Ernestina Bada shall provide an accounting of deposits and withdrawals: (a) in respect of the line of credit registered against 345 Somerset St. East from January 23, 2018 to August 31, 2020; and (b) in respect of the Bank of Nova Scotia chequing account from March 29, 2018 to August 31, 2020. Ernestina Bada shall have 90 days to supplement the accounting she has provided to date. If, to prepare this accounting, Ernestina Bada requires records that are not in her possession, Fernando Bada shall provide any assistance necessary to obtain these records. The 90-day deadline may be extended, on consent or by further order.

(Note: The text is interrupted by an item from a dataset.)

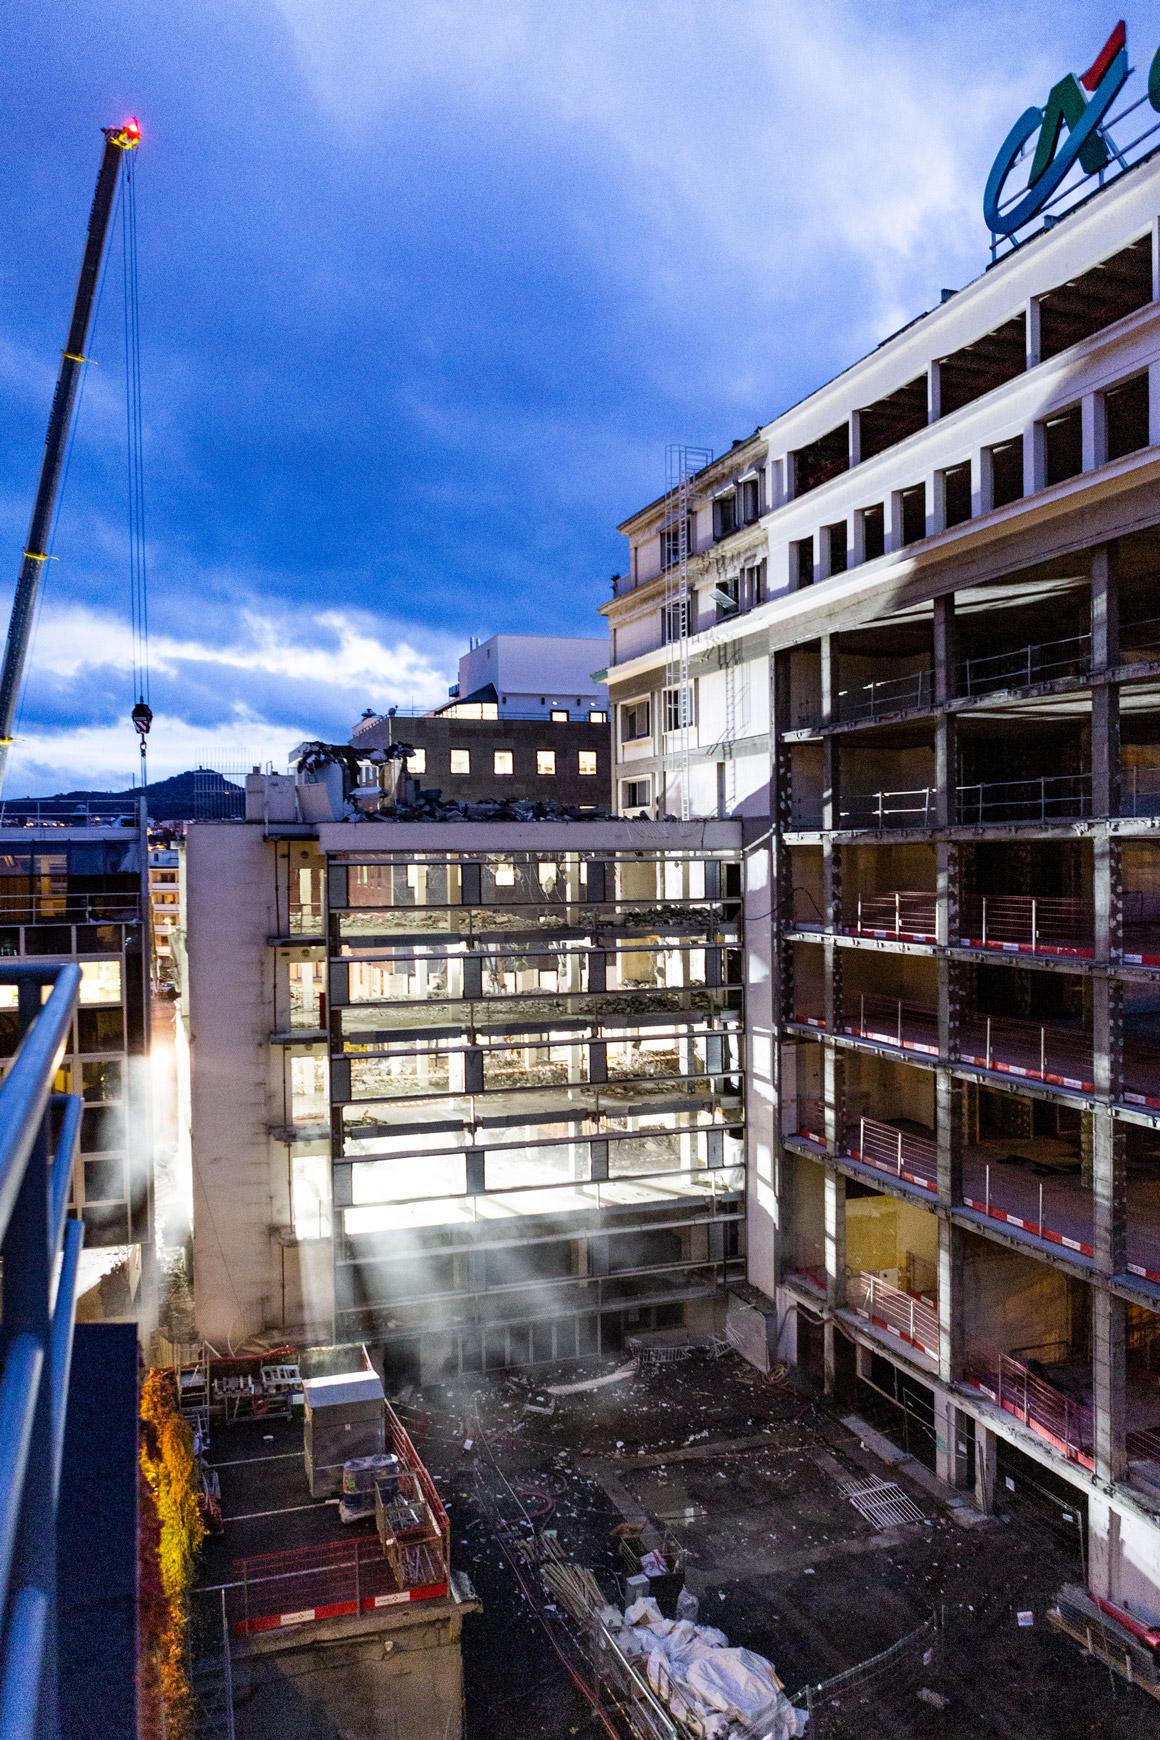 Réhabilitation lourde du siège sociale du Crédit Agricole Centre France à Clermont-Ferrand, labélisé BREEAM EXCELLENT, réalisé par le pôle Tertiaire de l'agence d'architecture SOHO ATLAS IN FINE LYON. Photo de chantier, vue sur la cour intérieure.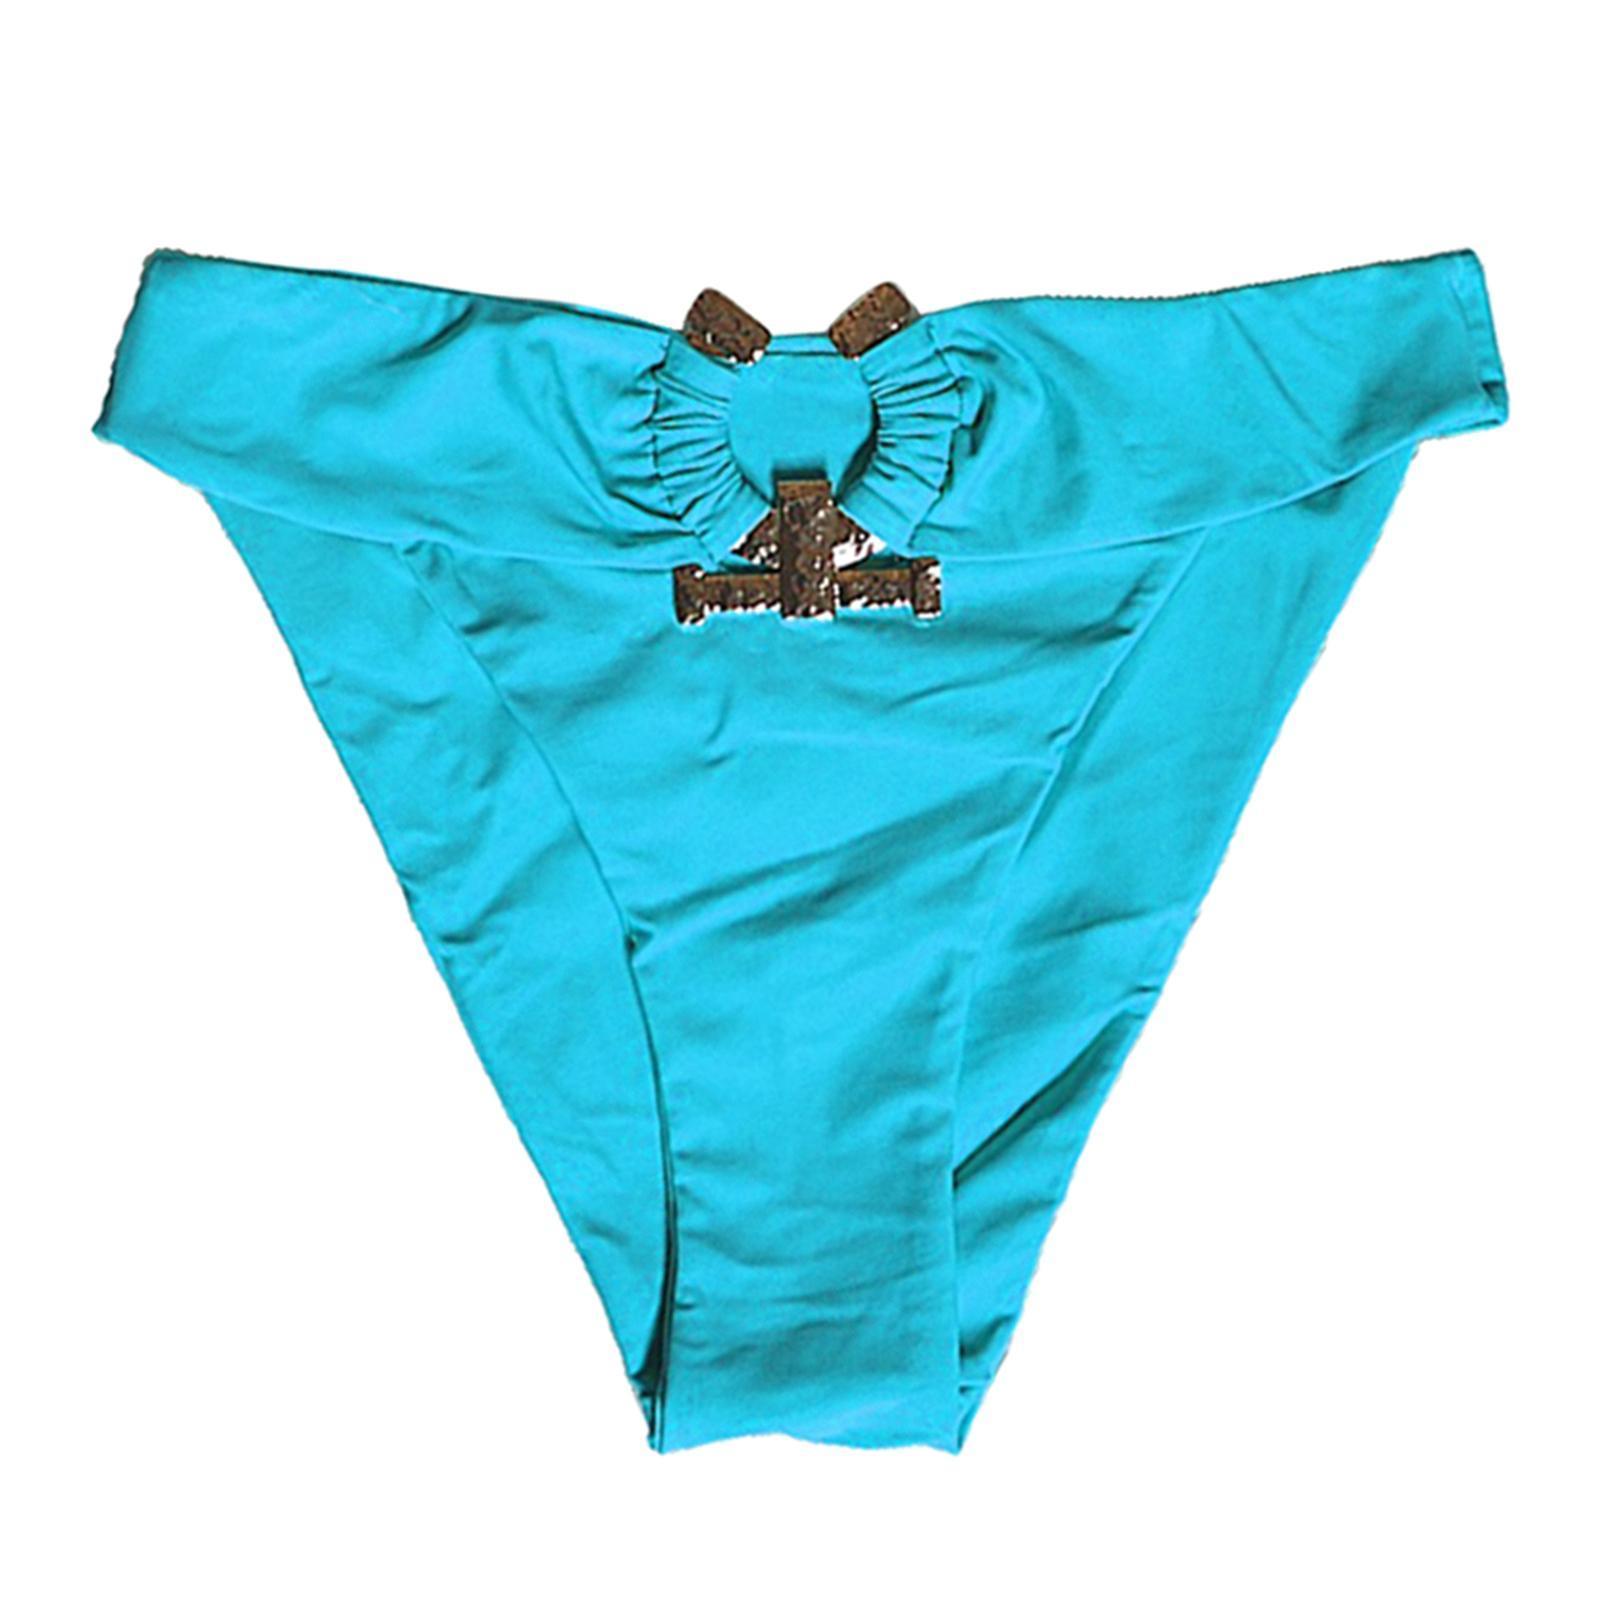 Indexbild 139 - Zwei Stücke Bikini Set Strappy Bademode Party Badeanzug Tankini Bademode

Ernestina Bada’s application is dismissed.
Costs
[86] The parties have filed costs outlines. If the parties are unable to agree on costs, Herminia, Fernando, and Michelle shall deliver brief (no more than five pages, not including attachments) costs submissions within three weeks of the date of this decision. Ernestina shall then deliver similarly brief costs submissions within three weeks of the date of receipt of the submissions of Herminia, Fernando, and Michelle.
Date: May 31, 2024
Williams J.
COURT FILE NO.: CV-21-86599 & CV-21-88099
DATE: 2024/05/31
ONTARIO
SUPERIOR COURT OF JUSTICE
BETWEEN:
HERMINIA BADA
Applicant
– and –
ERNESTINA BADA
Respondent
AND BETWEEN:
ERNESTINA BADA
Applicant
– and –
HERMINIA BADA, MICHELLE BADA and FERNANDO BADA
Respondent
REASONS FOR DECISION
Williams J.
Released: May 31, 2024
[^1]: A signed version of the life interest agreement was not in evidence. Herminia and Ernestina both said they signed the agreement. Herminia said that Ernestina had a signed copy of the agreement. Ernestina said the lawyer who represented Herminia at the time, John Piazza, would have a signed copy of the agreement. I am satisfied that the life interest agreement was signed by Herminia and Ernestina.
[^2]: The parties agree that Ernestina and Herminia are unable to live together.
[^3]: Ernestina argues that Herminia should not be entitled to rely on these doctrines because they were not pleaded in her notice of application. Herminia’s notice of application requested a declaration that Herminia retains a life interest in 98 Marlborough. In her notice of application, Herminia pleaded that Ernestina wanted Herminia’s life interest to be removed from title, that Ernestina assured Herminia that the life interest would continue even if discharged from title, that Ernestina brought Herminia to meet with Ernestina’s lawyer, that Herminia was told that nothing would change if the life interest were discharged, that Herminia did not understand what she was signing and that Herminia trusted Ernestina’s intentions to honour the life interest. I am satisfied that Herminia’s notice of application raises both the doctrine of undue influence and non est factum. Herminia’s affidavits provide further factual foundation for her reliance on both doctrines.